The order of a reaction describes the relationship between the rate of a chemical reaction and the concentration of the species involved in it.

As mentioned in the article on differential forms of rate laws, the rate of a reaction is not always directly proportional to the concentration of a reactant, e.g. for the reaction, NO_2+CO\rightarrow NO+CO_2 :

rate=k[NO_2]^2

The rate equation, except for one that describes an elementary reaction, cannot be predicted from the reaction’s stoichiometric equation and has to be determined experimentally.

In general, for a reaction: aA + bB + cC + dD… → mM + nN + oO + pP… , a proposed but not experimentally verified rate law is:

rate=k[A]^i[B]^j[C]^k[D]^l...

where the exponents i, j, k and l, called the order of the reaction with regard to A, B, C and D  respectively, are not related to the stoichiometric coefficients of the reaction.

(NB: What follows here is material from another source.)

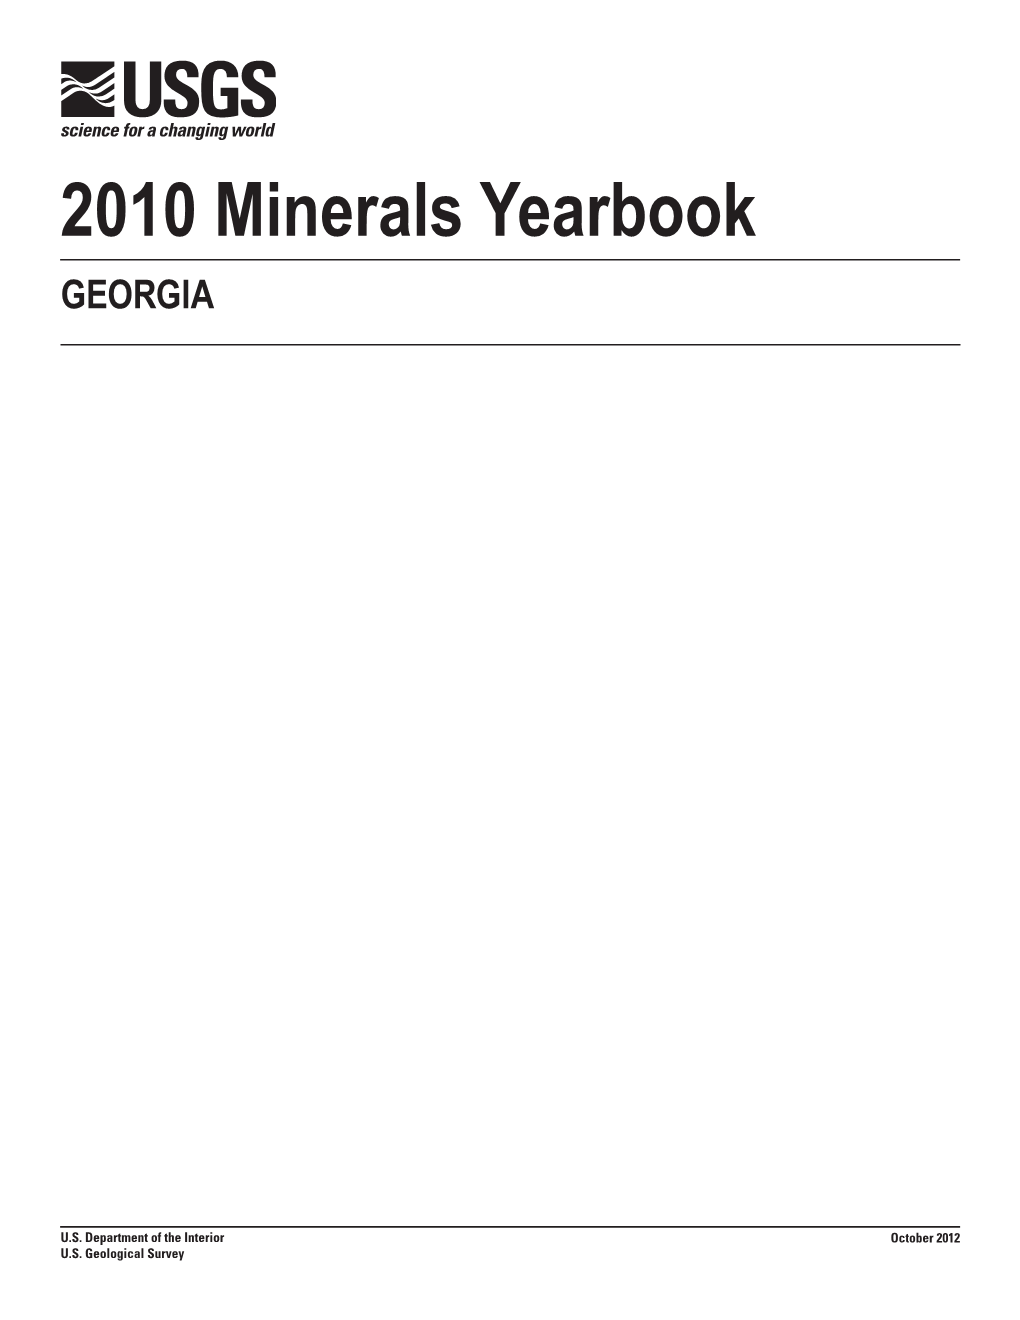 The Mineral Industry of Georgia in 2010

Consider the reaction: aA + bB + cC → mM + nN + oO. If experimental results reveal that the rate law is

rate=k[A]^2[C]

we say that the reaction is second order with respect to A, zero order with respect to B and first order with respect to C. We can also say that the reaction is overall third order (2+0+1). In general, the order with respect to a reactant usually ranges from zero to three, and can be a whole number or a fraction.

Next, let’s look at the acid-catalysed hydrolysis of methyl ethanoate, CH3COOCH3 +H2O CH3COOH + CH3OH, with an overall second order rate law of:

rate=k[CH_3COOCH_3][H_2O]\; \; \; \; \; \; \; \; 11

If water is present in large excess, its concentration remains constant throughout the reaction and eq11 becomes:

rate=k'[CH_3COOCH_3]

where k’ = k[H2O] .

We call such a scenario, where a second (or higher order) rate law reduces to a first order rate law due to the concentration of one (or more) of the reactants being constant throughout the reaction, a pseudo-first order reaction, with the rate law being pseudo-first order.

To determine the order, the rate constant and therefore the rate of a reaction, we need to know how to monitor the progress of a reaction and subsequently analyse the data obtained.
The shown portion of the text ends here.